_What the task requires_
Without including any pictures, reproduce the full listing exactly.

_Data extract_
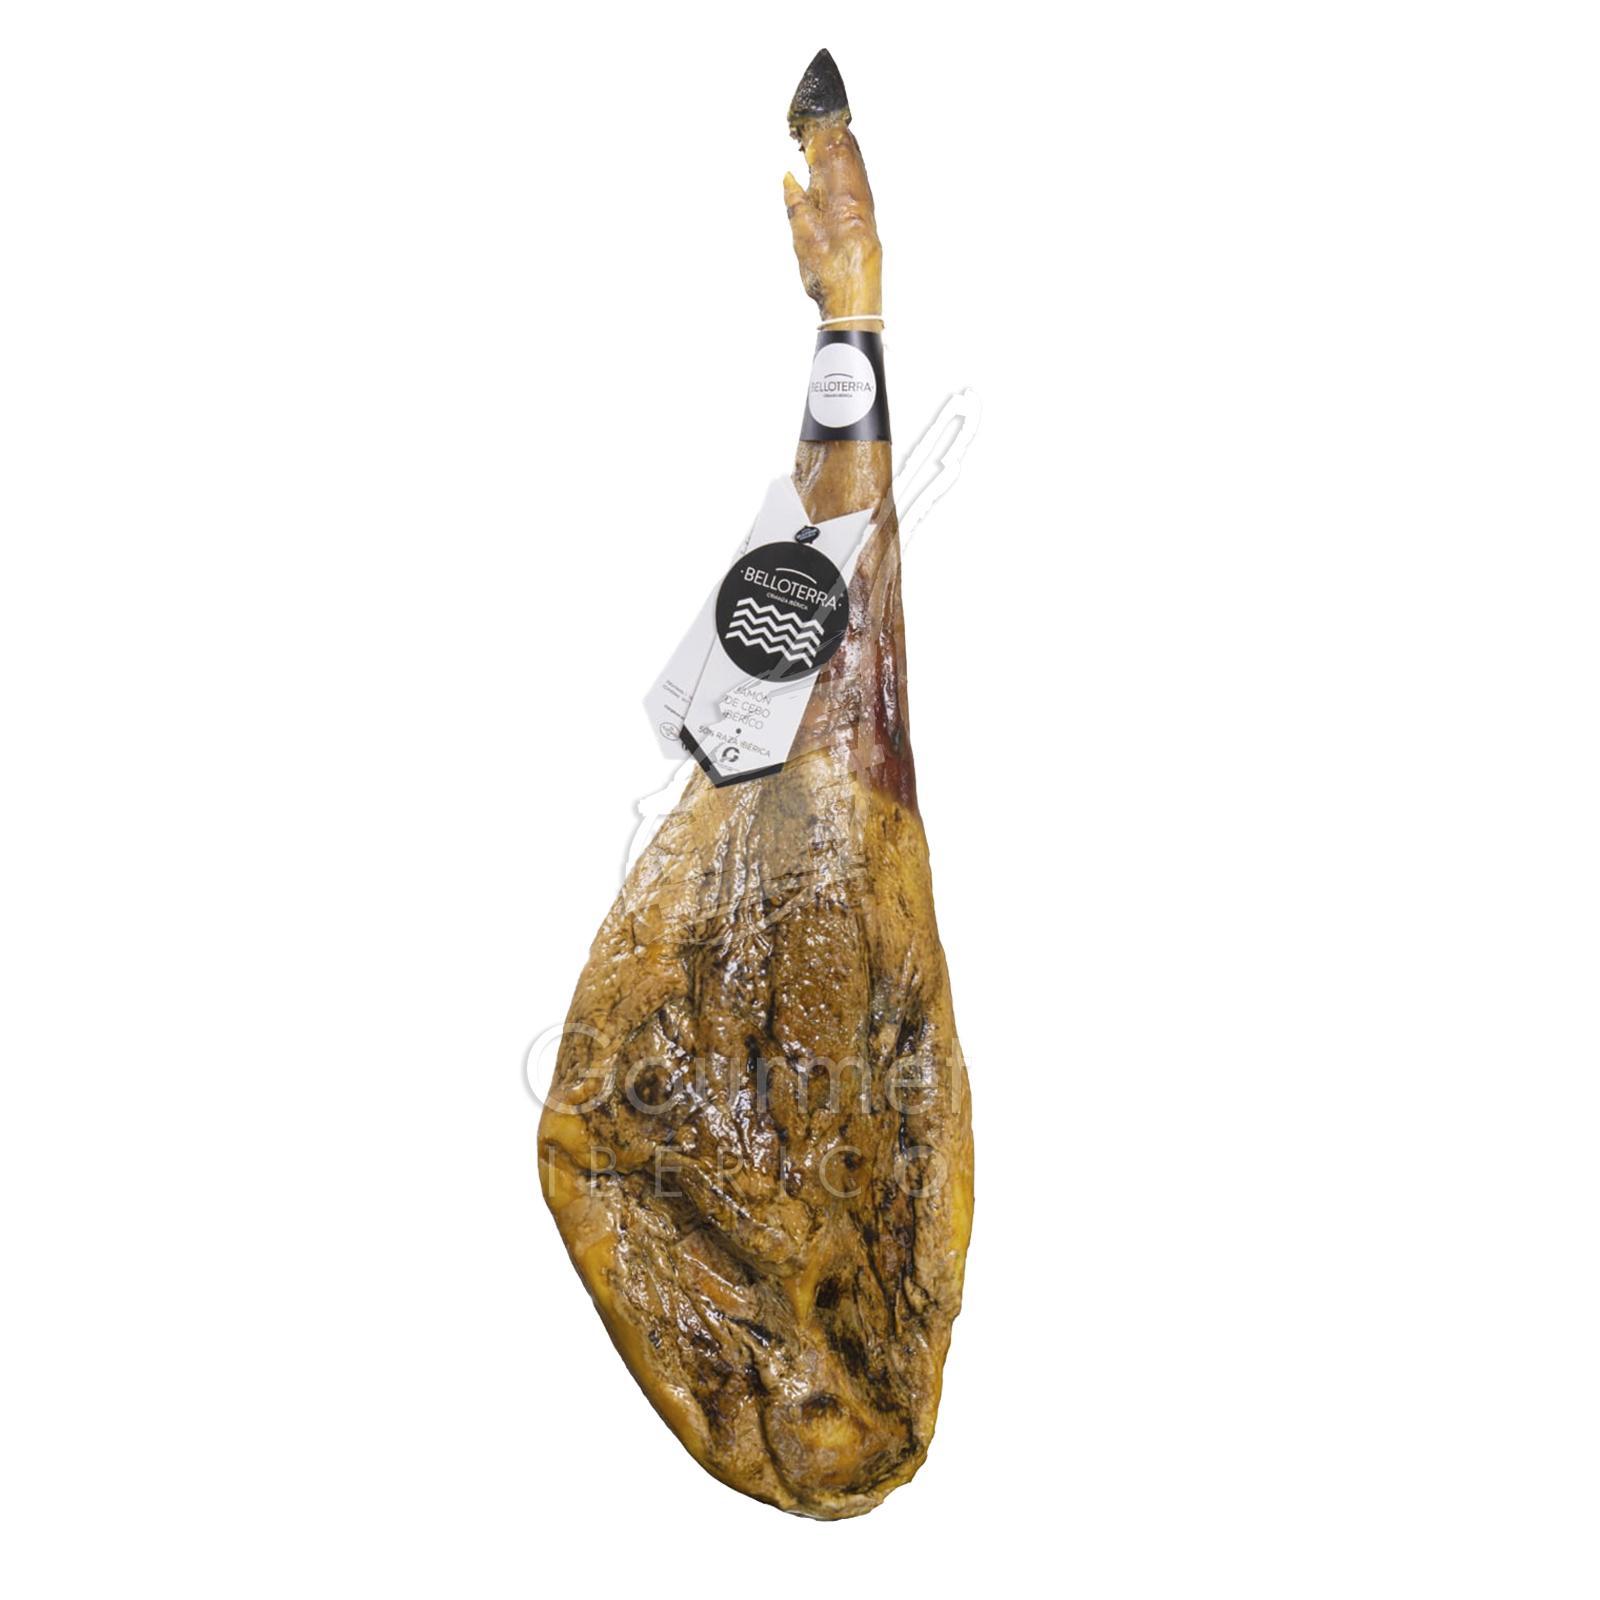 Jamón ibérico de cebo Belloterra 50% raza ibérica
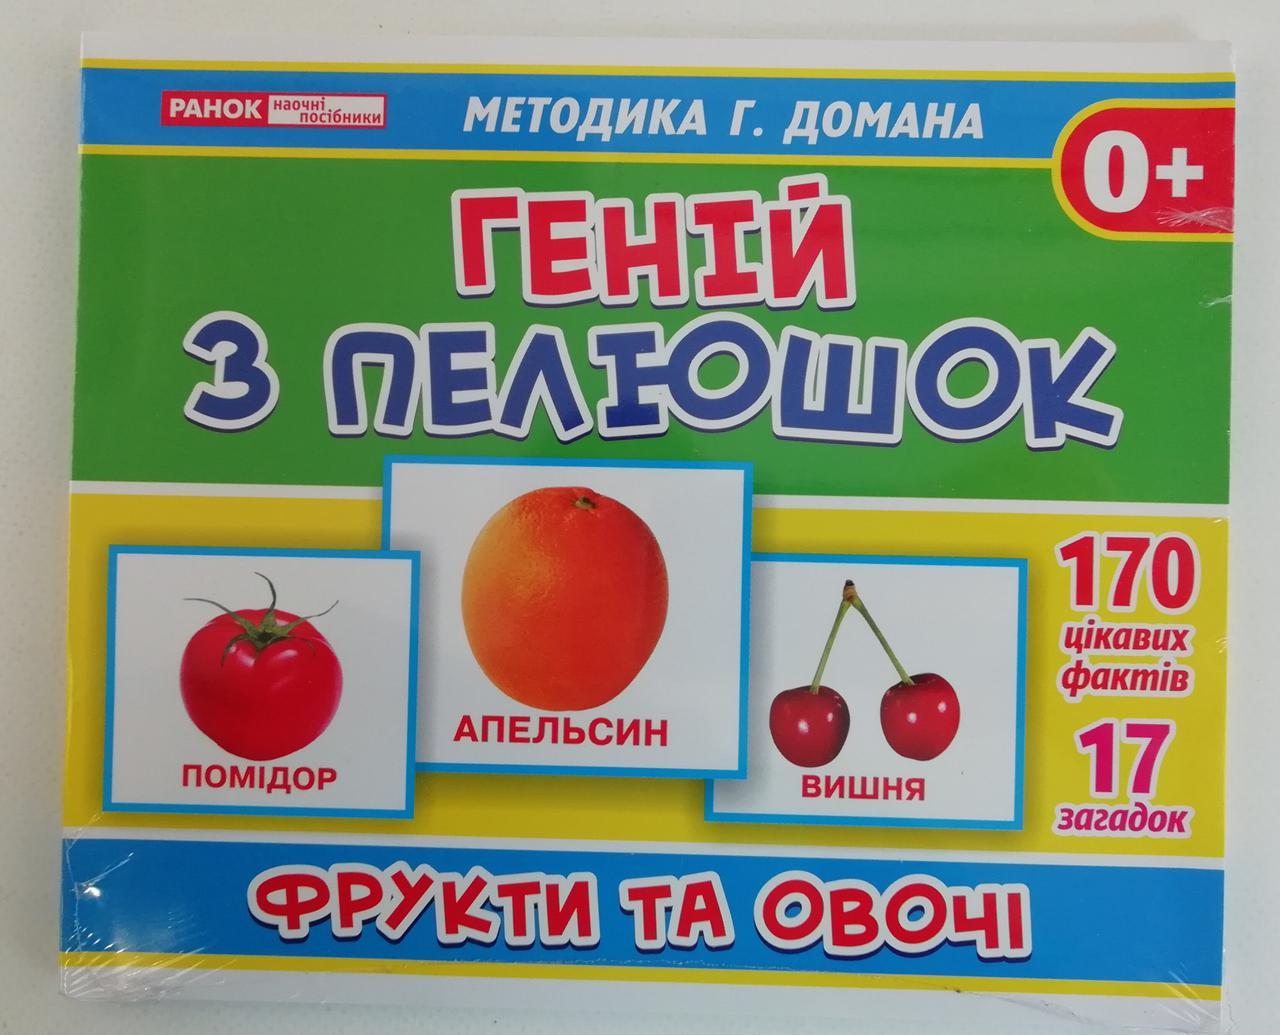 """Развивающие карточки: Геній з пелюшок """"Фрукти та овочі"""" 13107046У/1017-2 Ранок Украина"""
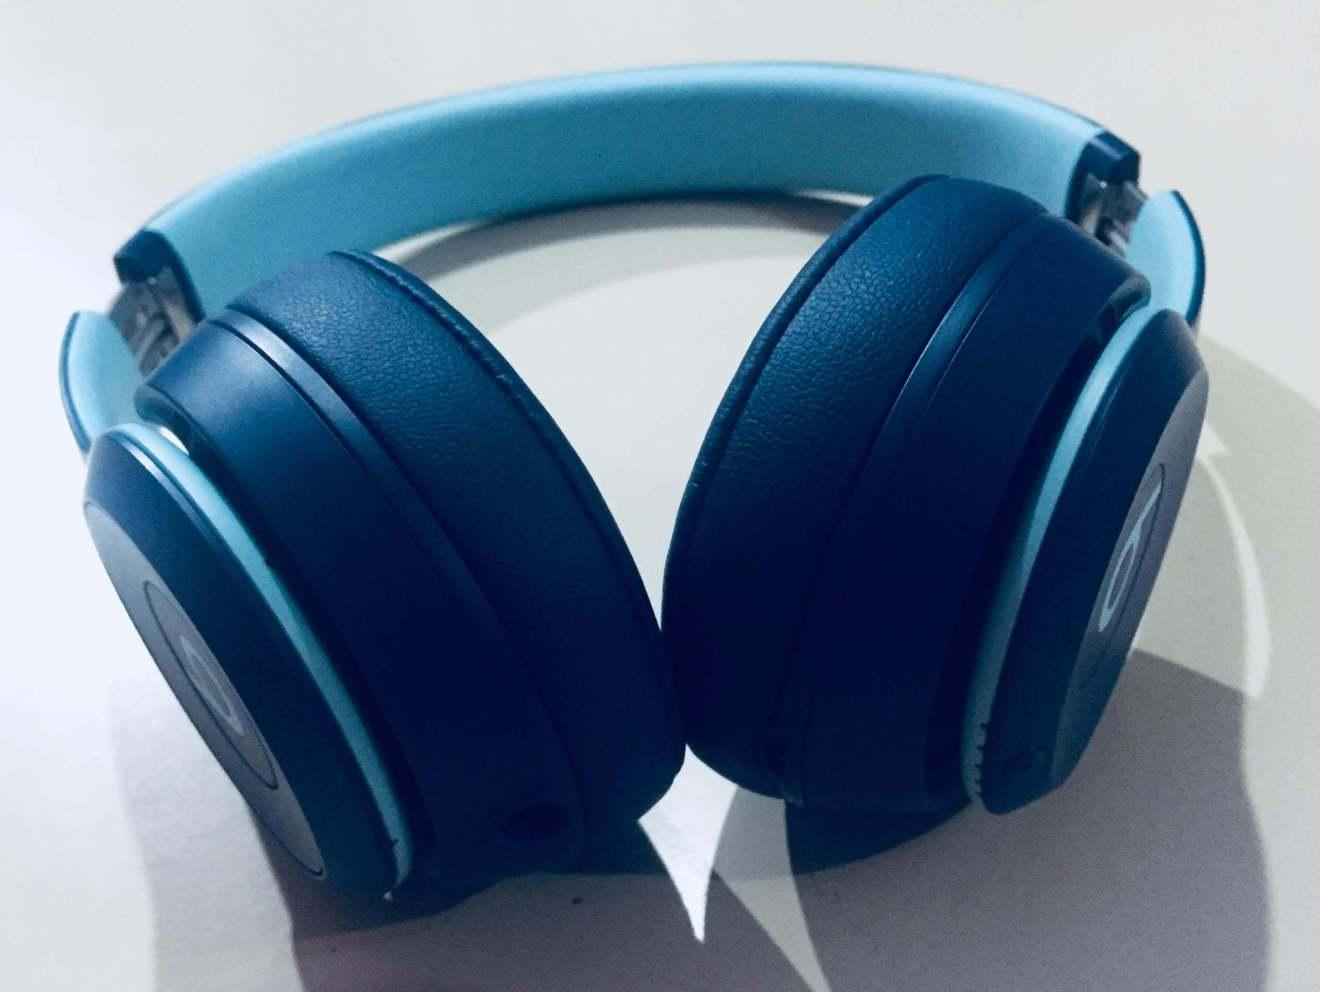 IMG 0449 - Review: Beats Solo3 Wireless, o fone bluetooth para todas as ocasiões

_Response below_
 Jamón ibérico de cebo Belloterra 50% raza ibérica
 """Развивающие карточки: Геній з пелюшок """"Фрукти та овочі"""" 13107046У/1017-2 Ранок Украина"""
 IMG 0449 - Review: Beats Solo3 Wireless, o fone bluetooth para todas as ocasiões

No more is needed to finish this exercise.